Я поднимаю фонарь, ожидая ответа. Шелест листьев стихает, а толстые щупальца тумана тянутся ко мне из-за деревьев. Впервые я ловлю себя на том, что размышляю о суевериях старых моряков. Возможно, в тумане водится некая сущность. Какая-нибудь потусторонняя тварь или злобный дух выжидает момента, чтобы схватить жертву. Если мы не находим тел, разве можно доподлинно знать, что случилось с пропавшими уорблерцами? Призраки не издают никаких звуков, верно?
Я резко разворачиваюсь и спешу по улице, сердце бешено колотится в груди. Мой соглядатай никуда не делся. Кто бы или что бы ни следило за мной. На этот раз это не енот. Я знаю. Но сквозь хриплое дыхание не слышу никаких признаков погони. Однако это не мешает мне запереть за собой дверь, когда я прихожу домой.
Глава 3

Я поворачиваюсь к дверям комнаты, и тепло камина совершенно окутывает меня, прогоняя не только холод, но и мои страхи. Только дома, с Пру, я чувствую себя по-настоящему в безопасности. Она ловит мой взгляд, сидя на стуле и штопая мои колготки. Я прошу ее оставить это до утра, но она отмахивается.

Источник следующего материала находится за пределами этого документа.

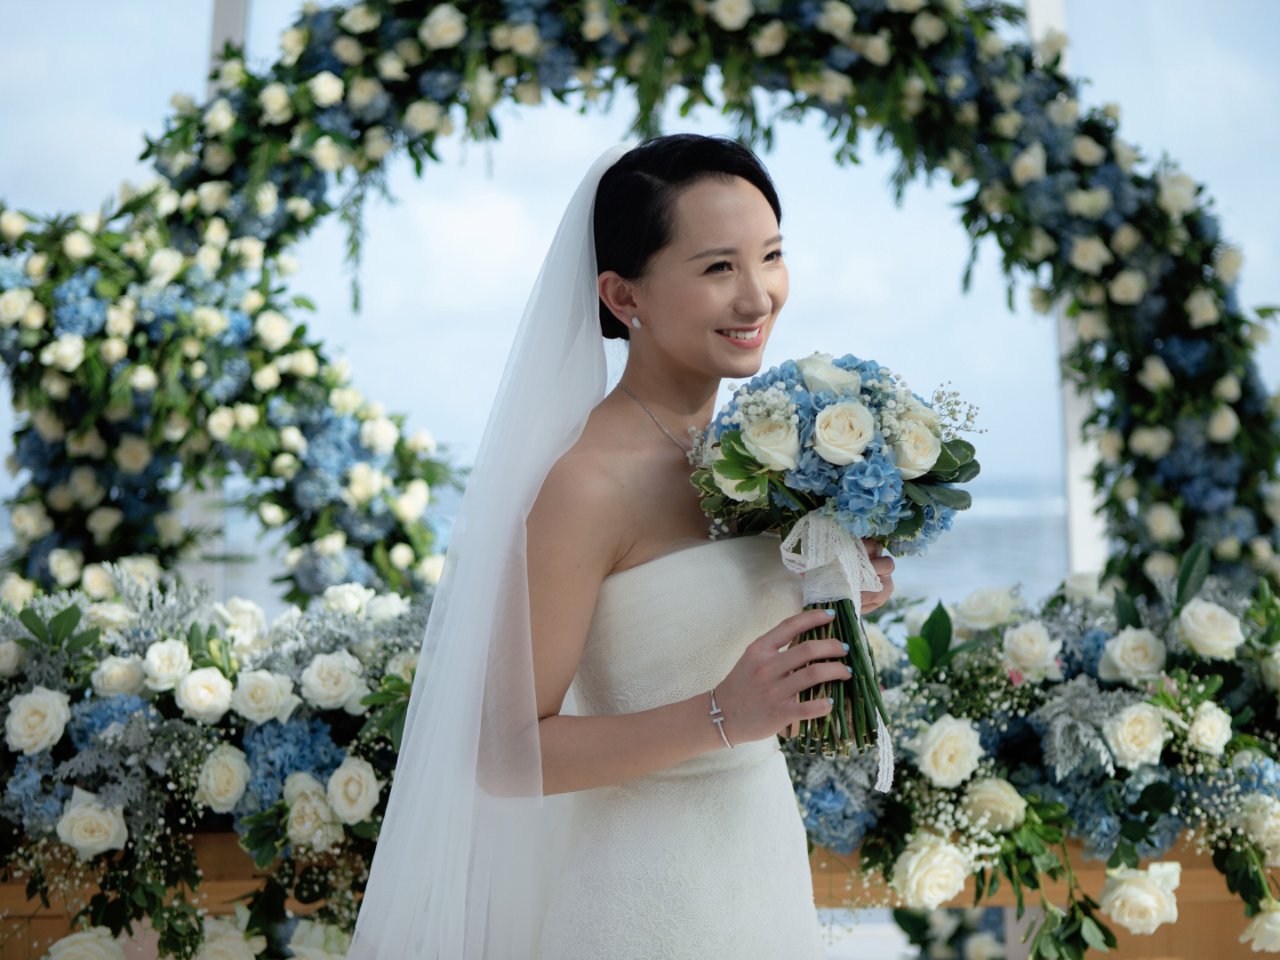 婚礼大作战,Tiffany & Co. 蒂芙尼,TSL 谢瑞麟,Vera Wang 王薇薇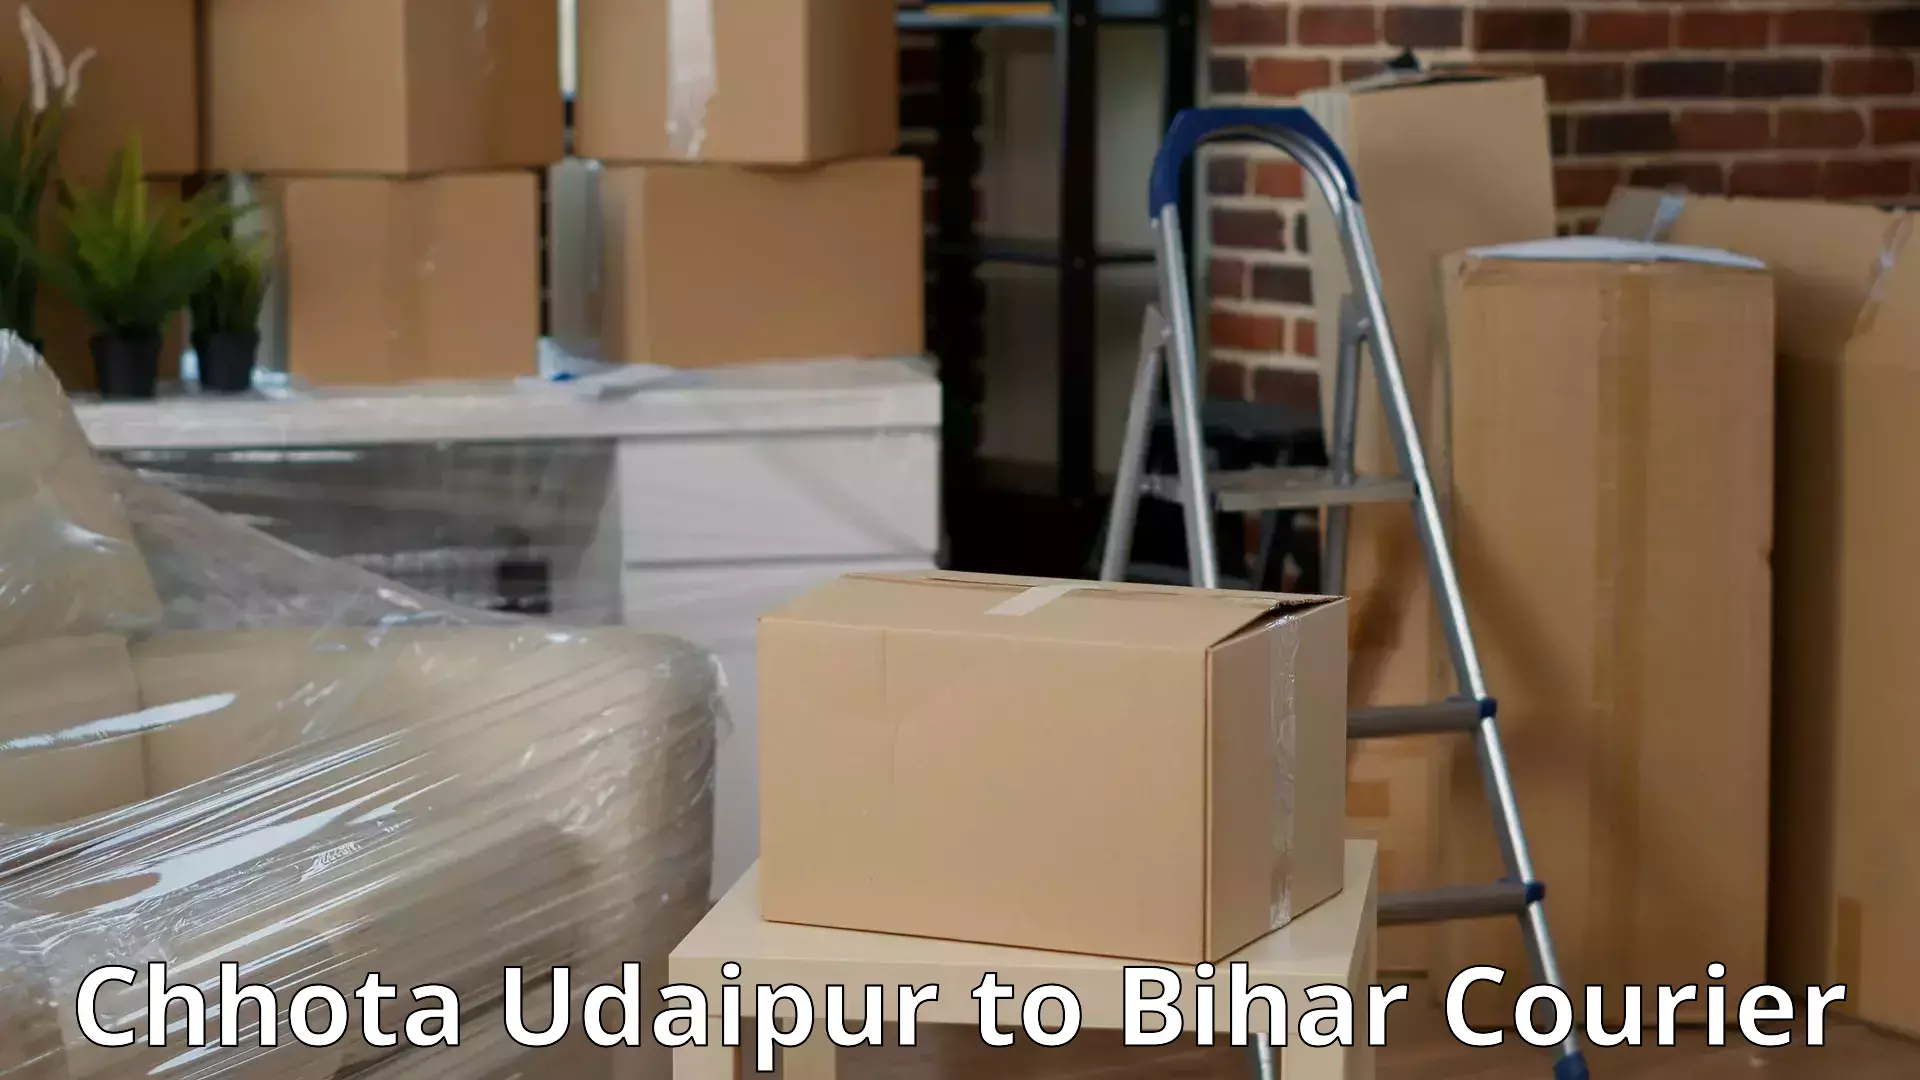 Quality moving company Chhota Udaipur to Bhojpur

На миг мне снова девять лет, и мама смеется над своим вышиванием, выдворяя меня поиграть, чтобы я не застилала ей свет. Но, едва возникнув, воспоминание исчезает, и я направляюсь в нашу с Пру комнату, проходя мимо маминого кресла-качалки. Монотонный скрип действует мне на нервы.
Я ополаскиваю лицо из умывальника и мою руки кусочком лавандового мыла. Это Пру его готовит для меня. Если хорошенько намылить, оно отлично справляется с запахом ворвани. Затем я смачиваю салфетку и провожу по зубам. Древесный уголь весь вышел. Нужно будет докупить до конца недели. Я переодеваюсь в сорочку, распускаю косу, и медные пряди рассыпаются до пупка. Провожу пальцами вверх по волосам до самой макушки, постанывая. Есть что-то на редкость умиротворяющее в поглаживании головы.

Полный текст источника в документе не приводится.